People can smell authenticity a mile away. They begrudgingly tolerate hyperbole in advertising because they understand the price of doing business. That’s when something 100% authentic rings clear as a bell. Consumers have been trained to tune out selling since the age of three, so when they have a real person tell a compelling story about a product, and understand how that message benefits them, you’ve made a rare human-to-human connection. Nowhere is that more evident than with mortgage companies. According to Last Minute Media Deals’ Creative Director, Rich Kagan, “We’ve seen a 20% pop in calls with mortgage companies when the CEO voices the spot. It’s hard to make a mortgage spot sexy, because people want to work with a lender that’s serious. The only hope is that you can get a guy out there with some personality that people trust.” Blaine Parker, author of “Million Dollar Mortgage Radio,” agrees. “There’s a client who’s been on the air at one of our stations for what feels like a decade…but he’s one of the good guys and he voices his own ads. They sound incredibly rough. And you know what? It works. He sounds like a regular, friendly guy. His lack of veneer or polish gives him a certain charm. It makes him sound like somebody you can trust. His commercials work.”

 

Last Minute Media Deals had particular success with Verengo Solar by using its CEO, Randy Bishop in its ads. To let you in a on a little secret, when introducing a relatively new brand to a broadcast audience, we usually start with a celebrity endorsement then move on to the CEO. With Verengo, we started out with actor, environmentalist, and star of Disney’s “Up,” Ed Asner.

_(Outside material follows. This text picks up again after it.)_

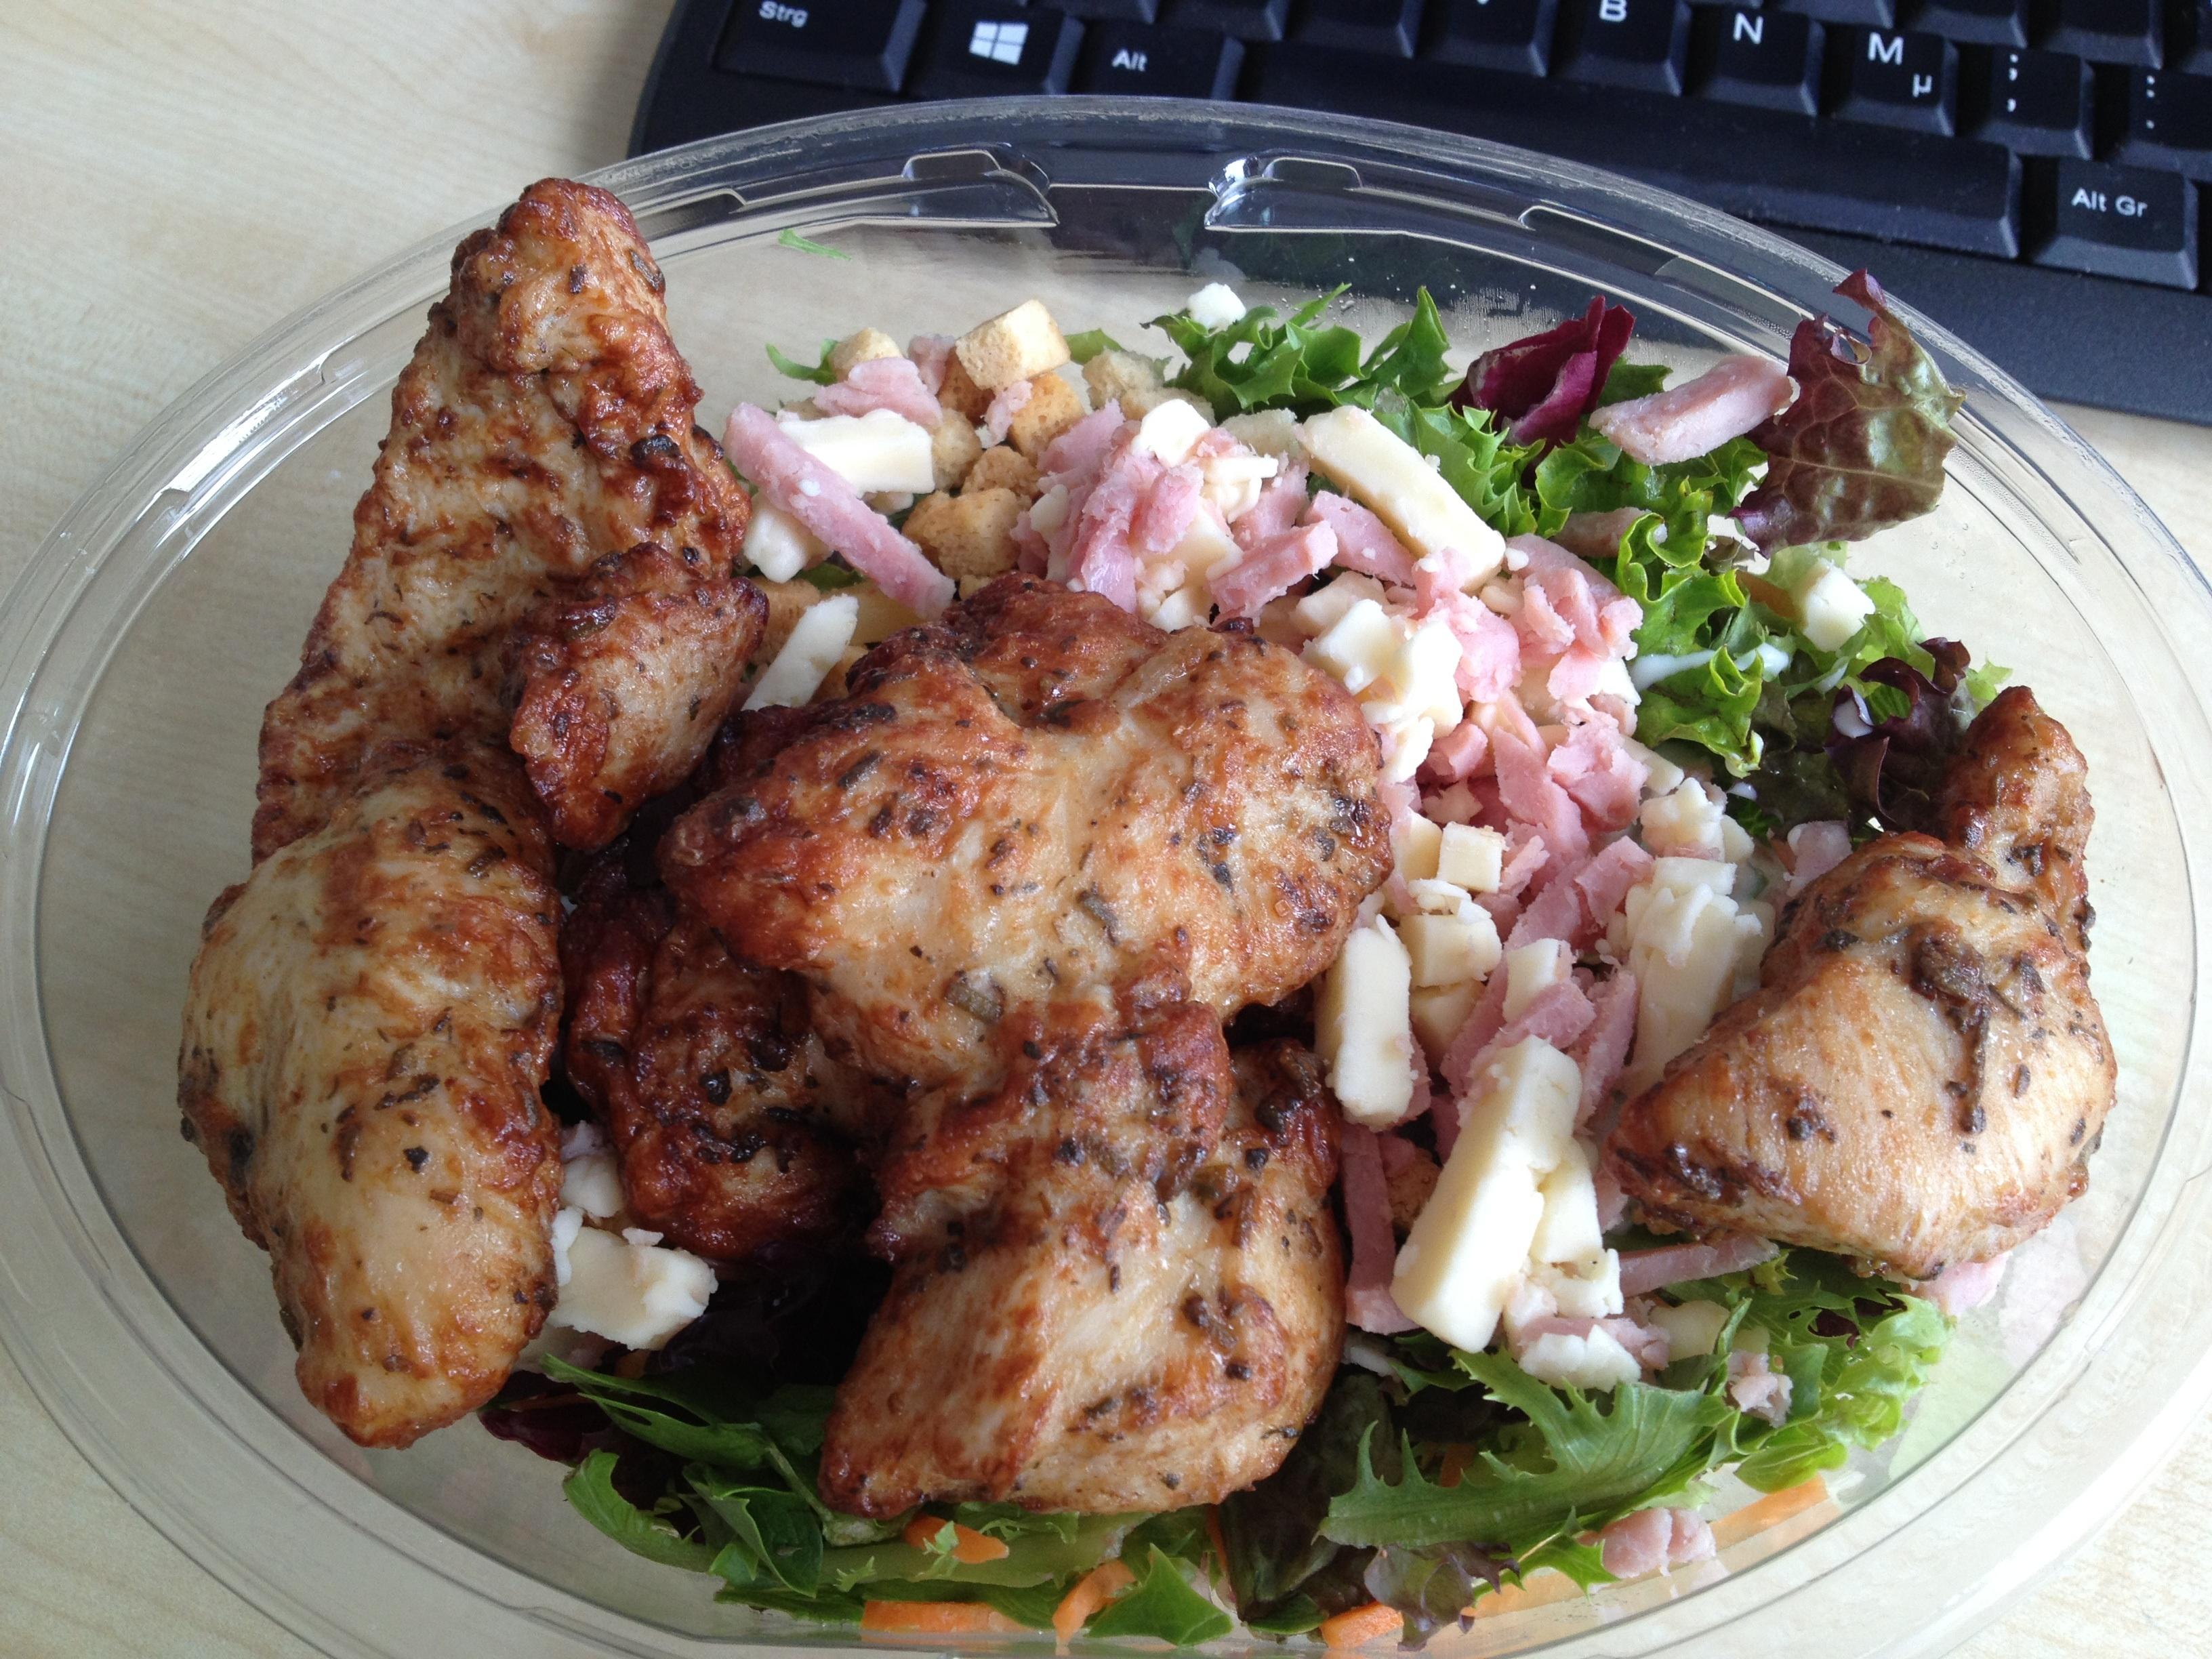 https://foodloader.net/BrollyLSSJ_2013-08-14_Trader_Joe_s_-_Frische_Salate_-_Kaese_&_Schinken_-_Haehnchenbrust-Filetstue.jpg

After Ed’s cantankerous spots gave the brand some traction we introduced the CEO, Randy Bishop, in a radio commercial titled, “Five Minute Call.” Randy was reticent because he was a numbers guy and not exactly the most animated person to voice the ad. Last Minute Media Deals A/B tested the “Five Minute Call” ad with a generic announcer against and Bishop’s version and the CEO won out big time. In fact, the Randy Bishop creative had a 21% lower CPQD (cost per in-home appointment) than creative featuring a generic announcer. Proving, once again, that a dry-sounding CEO that exudes credibility will beat out a trained, expressive, voice actor just about every time.

 

Now, as with anything in DR, the CEO rule isn’t a magic bullet. CEOs that sound aloof or try to sell too hard can tank an ad. A common criticism for using CEOs in radio spots is that with an unprofessional spokesperson, it’s harder to create in an attention-grabbing opening line, one of the hallmarks of good DR. But Kagan thinks it’s still worth it. “We trade the attention-grabber for authenticity which is attention-grabbing in and of itself. Especially when our ad runs after a generic-sounding spot, just having a different-sounding voice really stands out.”